Softbridge v2 architecture
The actual architecture differed slightly from the planned approach shown earlier. Both text and voice transport were implemented with an asynchronous protocol. That meant no adaptation to synchronous VoIP. We reasoned this was acceptable because there were already large delays introduced by TTS and ASR adaptation. Those adapters were loosely coupled web services. We built a variety of clients for the hearing user. For example, one had voice only and another had both voice and text so the hearing user could see exactly what the Deaf user typed.

Instead of using real-time VoIP, a speech clip of maximum 2MB was packaged into XML (eXtensible Mark-up Language) messages to and from a modified Joey server (an open source Jabber server). The modified Joey server effectively became a Softbridge server. The speech XML packets were delivered with XMPP, Jabber's asynchronous protocol. Therefore, no temporality adaptation was required or performed. The intention was to deliver the voice messages as quickly as possible to appear semi-synchronous. However, the TTS and ASR media adaptation in both directions introduced additional delay and also often distorted the message content.

We tested the prototype with a Deaf user who was somewhat unique in that he was PC literate and also had some experience with research studies (Tucker et al., 2003b). We built several clients to experiment with different types of bridging, mostly at the media layer (see below). The Deaf user client was text in/text out. The hearing client allowed us to pick and choose media capabilities. We experimented with the following combinations: text & TTS in/text out, TTS in/text out or TTS in/ASR & text out. The reason for the combinations was to use text to clarify the output of the TTS and ASR. We began the experiment with instructions interpreted to SASL, then used the tool itself to convey instructions to the Deaf user.


Softbridge v2 Softbridge stack
For the Softbridge v2 prototype, bridging was not necessary at the lower three Softbridge stack layers.

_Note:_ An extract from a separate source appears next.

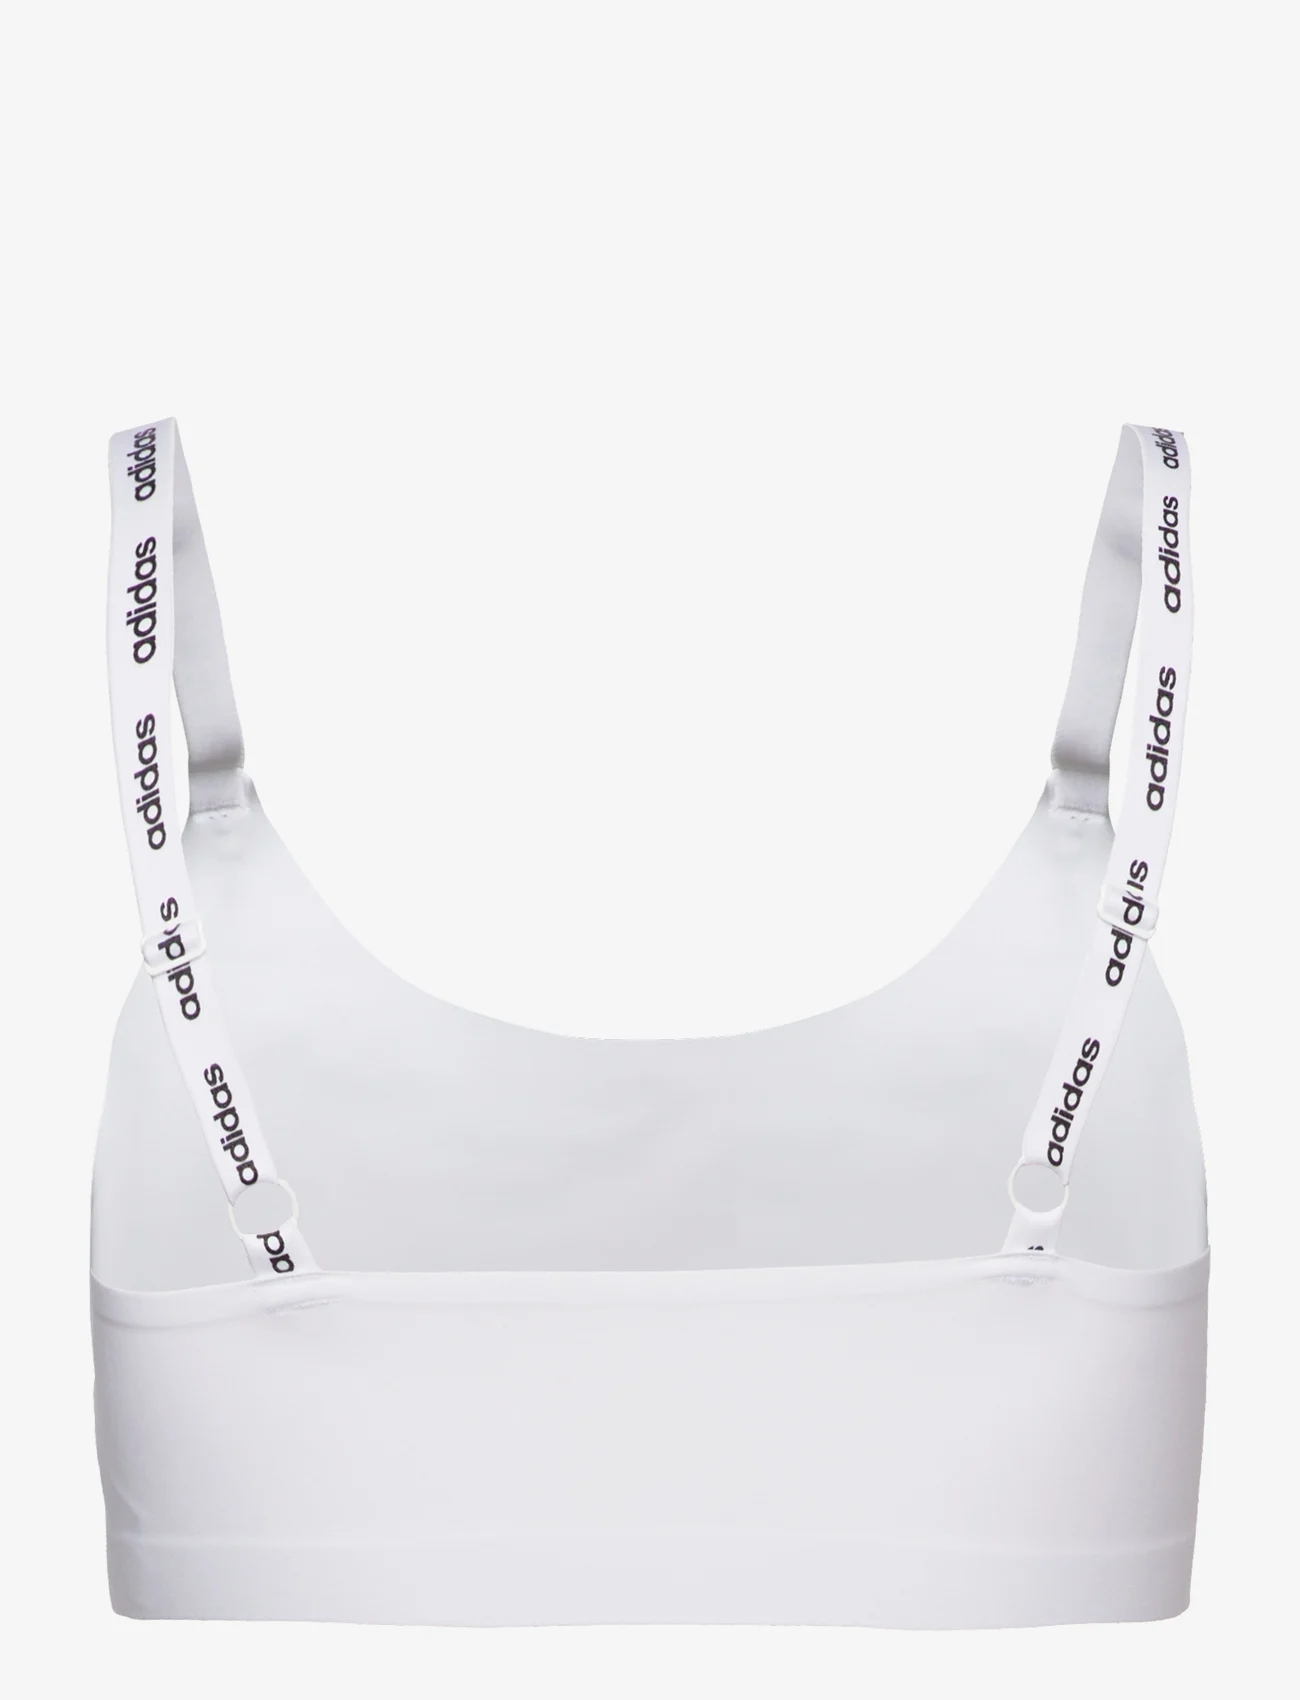 adidas Underwear - Bustier - madalaimad hinnad - white - 1
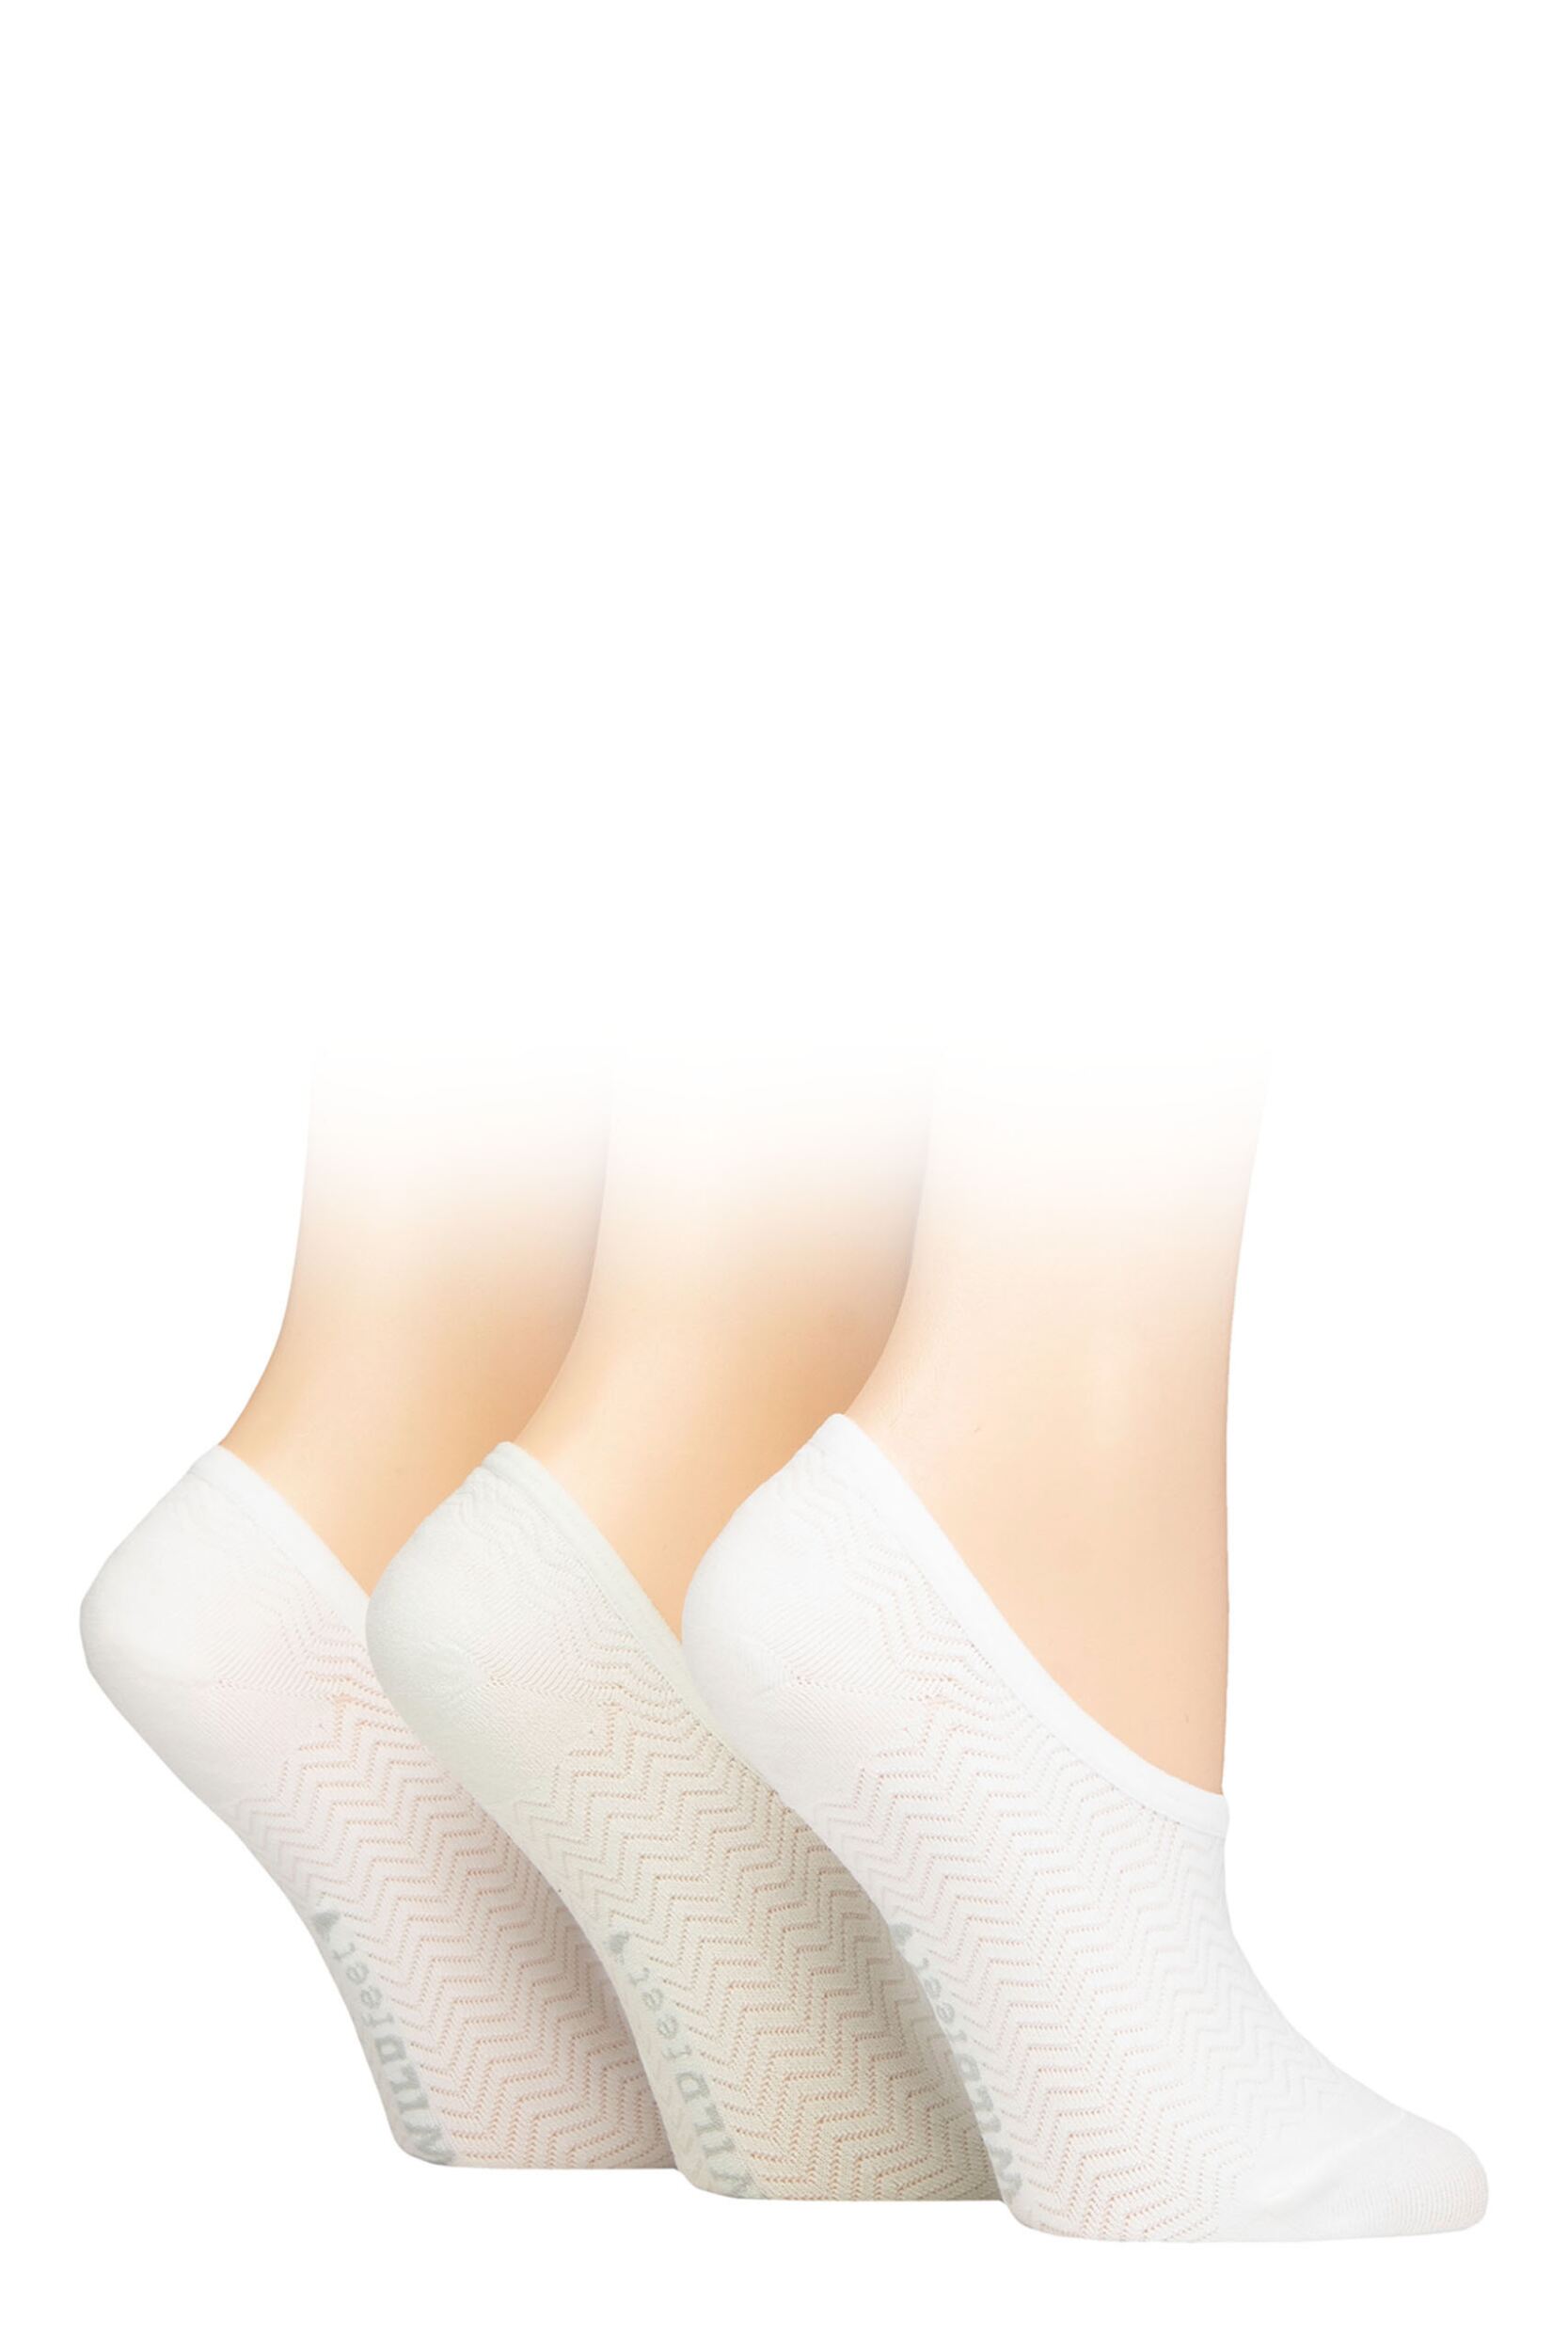 Ladies 3 Pair SOCKSHOP Wildfeet Mesh Pattern Fashion Shoe Liner Socks Zig Zag White / Sage / White 4-8

We used this prototype and several client interfaces to conduct an experiment with a Deaf user.

Evaluate Action

We found that the Deaf user treated the IM client like a Teldem. He was not aware that characters were not being sent one at a time, but rather in page mode, or one message at a time. He also used the GA terminator as if in half-duplex mode. He informed us that Deaf users would type English slowly, and likely with SASL grammar. He gave us some examples, and of course, the TTS engine could only pass on what it received. On the hearing side, TTS messages arrived unexpectedly. The natural rhythmic exchanges in voice conversation were disrupted by the delays caused by typing time and TTS conversion.

Reflection

Our intermediary had long urged us to test the prototype with real Deaf users; that building solutions in the laboratory was pointless. The compromise was to test a solution in the laboratory with a Deaf user. We had emphasised the Deaf user interface, but learned that we also had to address the needs of hearing users. A case in point was the way that the TTS speech appeared without warning. The Deaf user had a persistent textual representation of the conversation in the IM interface. However, a hearing user with an audio-only interface was at a disadvantage not being able to see the conversation in order to rescue the misunderstandings due to spelling/grammar mistakes and poor ASR conversion.

The MSc student had devoted a substantial amount of time to the technical implementation of the Softbridge prototype and its clients. He managed to bridge voice from the Jabber-based platform to an H.323 soft phone client. Unfortunately, the effort ceased prematurely before an intended H.323 gateway was provided to connect the system to the PSTN.Implementation interruptions of this sort had happened several times already because the lead programmer was an MSc student who either graduated or terminated their studies.